本日は、無線LAN 5GHz帯でのDFSの発生状況を可視化してみようというお話をします。

はじめに

無線LANを運用していると気になるのは、外来レーダー波により引き起こされるDFS、そしてそれに起因してAPが行うチャネルの移動です。

「今自分がいる場所で、無線LANのDFSを引き起こすようなレーダーはどれくらい打ち込まれているのかしら?」とそんな疑問がふと沸いてきたので、ものは試しにと実際に測ってみることにしました。

無線LANとDFSについて

無線LAN(802.11)にはDFS(Dynamic Frequency Selection)というレーダーとの周波数帯共用の仕組みが存在します。

無線LANが用いている周波数帯の一部、いわゆるW53やW56といった周波数の範囲は気象レーダーや無線標定その他と同居しています。立場の弱い無線LANは、それらの社会的に重要なシステムを邪魔しないように「他のシステムが電波を使っていないか監視する」「他のシステムからの電波を受信したら帯域を明け渡す」といった挙動をするように定められています。DFS対象のチャネルを使うときにはサービス開始までに1分待たなければならない、DFSが発生するとチャネルが切り替わるといった、いわゆる「運用ではDFSに気をつけろ」といった無線LANのノウハウはこういった事情に基づくものです。

上図はDFSが発生した際のチャネルの移動を、Wi-Fi用スペクトラムアナライザで捉えた時のスクリーンショットです。横軸が周波数帯(MHz表記)、縦軸が時間経過を表しています。15:57頃までは敷設したAPが5620MHz(104チャネル)、5700MHz(140チャネル)のそれぞれを使っていたようですが、レーダー波を検知したためかそのチャネルの使用を停止し、別のチャネルに移動しているのが見て取れます。またこれに伴ってチャネル配置の最適化が行われたためか、ほとんどのAPがこの時間を境にチャネルを変えているようです。

さて気になるのは、このDFSが自分たちが使っている・作っているインフラでどれくらい発生しうるかです。こればっかりは「運用してみないとわからない」というのが正直なところです。これまでさまざまなイベントにて無線LAN提供を行ってきた経験から「海に近いと起きやすいらしい」「都内でも窓辺だと起きることがあるらしい」といったふわっとした感触はあります。この感触が外れる事もあれば大当たりのこともあります。たとえば以前「12/2 Maker Faire Tokyo 2019でイベント無線LANを提供してきましたレポート」で紹介させていただいたMaker Faire Tokyo 2019では、特定のチャネル、特定の場所において頻発している傾向がありました。
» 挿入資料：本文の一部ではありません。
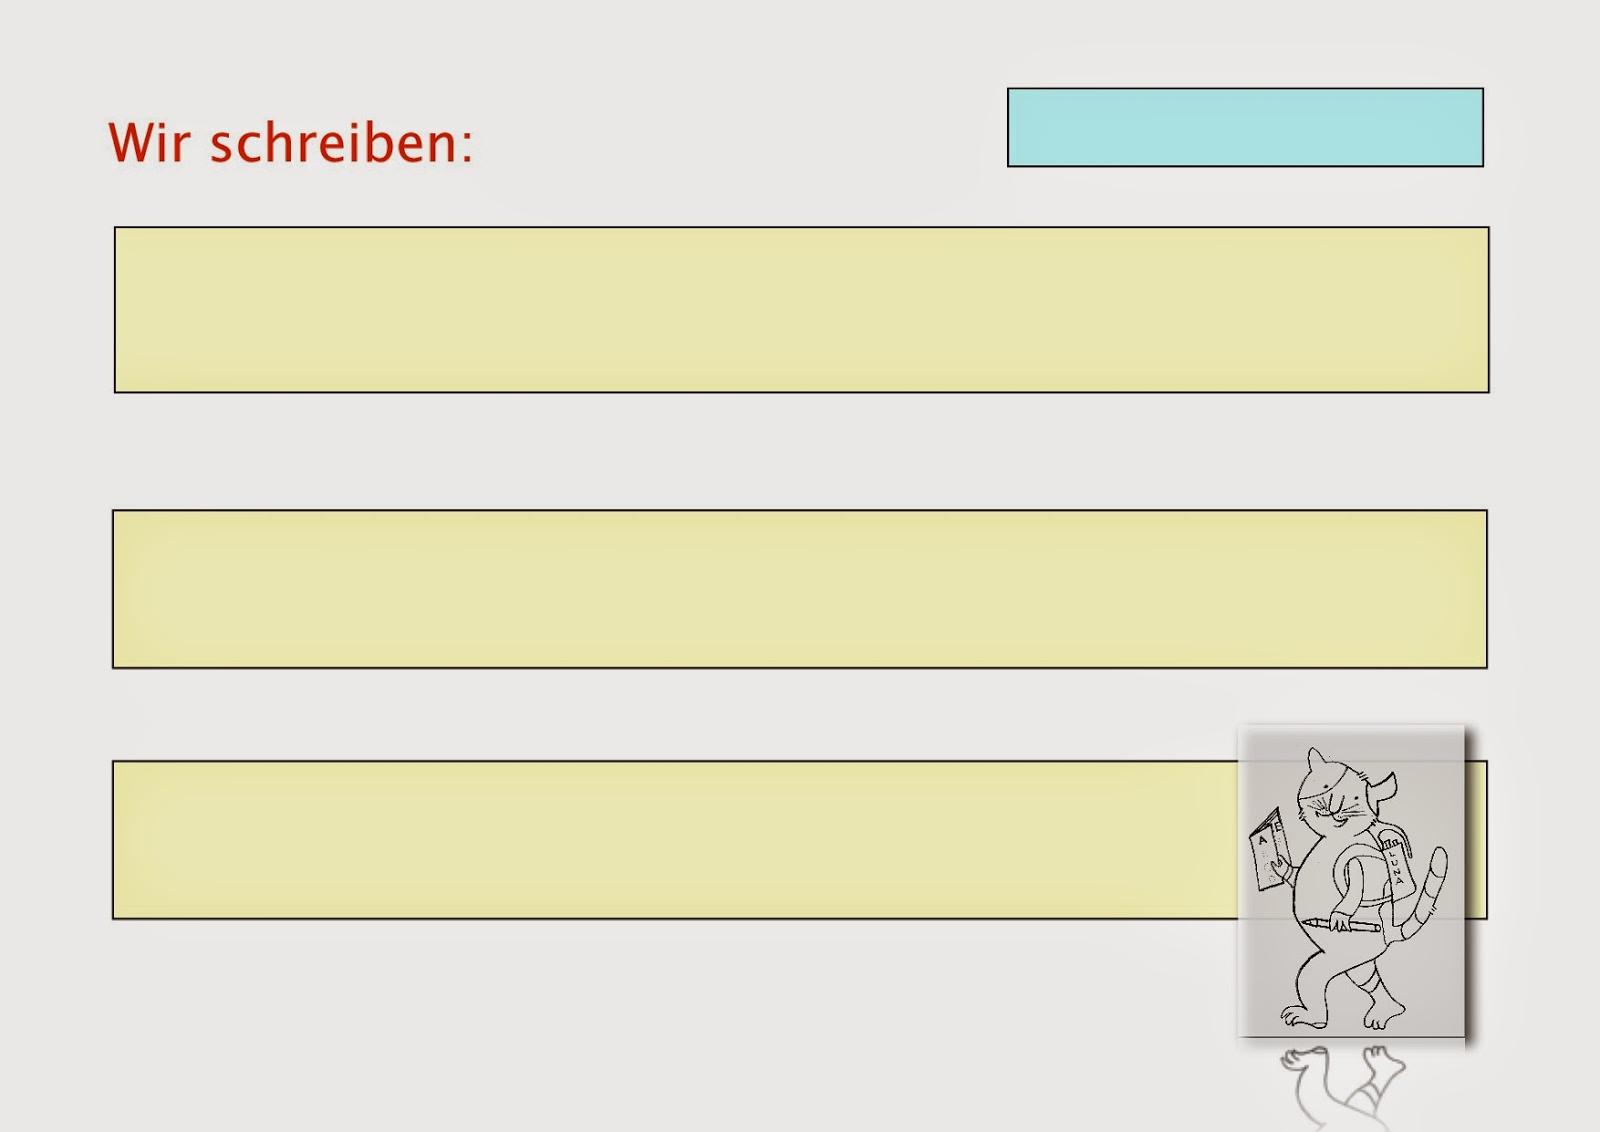 Tafelbild Pluminchen | Frau Lukas bloggt

以下はその頻度を時間軸上にプロットしたものです。

日本国(総務省)においては以下の資料のように、このDFSの対象となる周波数帯を無線LANを含む各システムに分配しています。しかしその詳細、たとえばどこのだれがいつ頃使うか、については(ほぼ)どこにも記載されていません。他のシステムから見た場合にも、どこでだれが無線LAN APを立てるか分からないということを考えればお互い様ではありますが…。
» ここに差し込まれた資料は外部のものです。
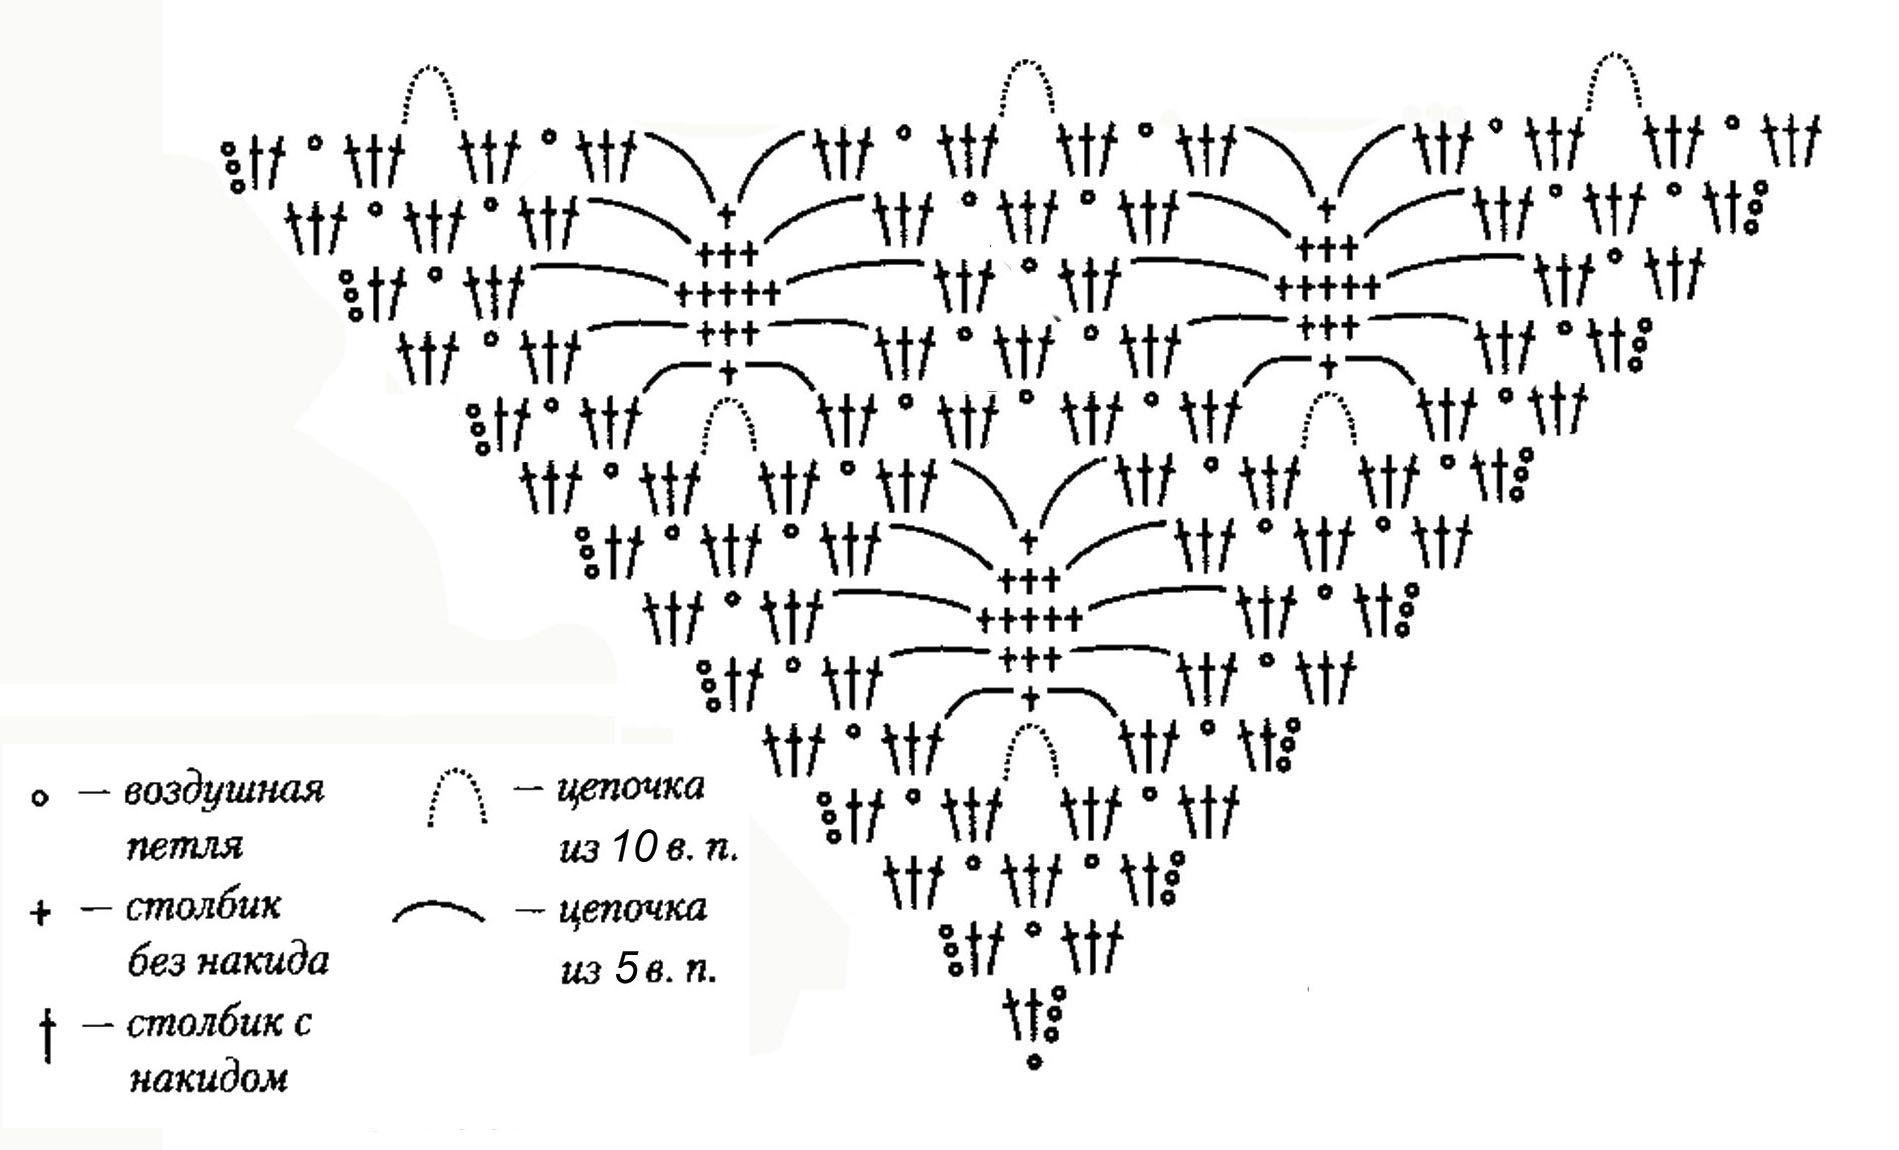 crochet schemi gratis - Cerca con Google | crochet | Pinterest | Google

たとえば気象レーダーのように場所や利用する周波数帯の情報が公開されている分かりやすいシステムであれば、APの位置からW53帯のレーダー源としてなんとなくの憶測を立てることはできます。

しかし気象レーダーにおいても周波数を網羅した情報がどこかにまとまっているわけではありません。この地図においても一部の局では周波数が判明していますが、大多数では場所が分かる程度です。また実際に発射されるタイミングについて記載があるわけでもありません。

W56帯では、小電力データ通信システム(無線LAN)と「海上無線航行」「移動(航空移動を除く)」「地球探査衛星(能動)」「宇宙研究(能動)」「無線標定」といったシステムが同居している、という記載があります。気象レーダーについては最低限場所だけは分かっていましたが、これらについては陸海空のどこからいつ飛んでくるか予想もつきません。

このように「実際にやってみないとわからない」のであれば、実際にやってみるしかありません。

ということでその場で発生したDFSを可視化してみようと仕組みを作ってみたというのが今回のお話です。これにあたってIIJが開発している無線LAN機能搭載サービスアダプタ SA-W2、それらをコントロールするSACMサービス、そしてメトリック監視・可視化サービスである Machinist を組み合わせてすべてのチャネルをくまなく監視できるようにしてみました。名付けて「DFSゼッタイ検知君」です。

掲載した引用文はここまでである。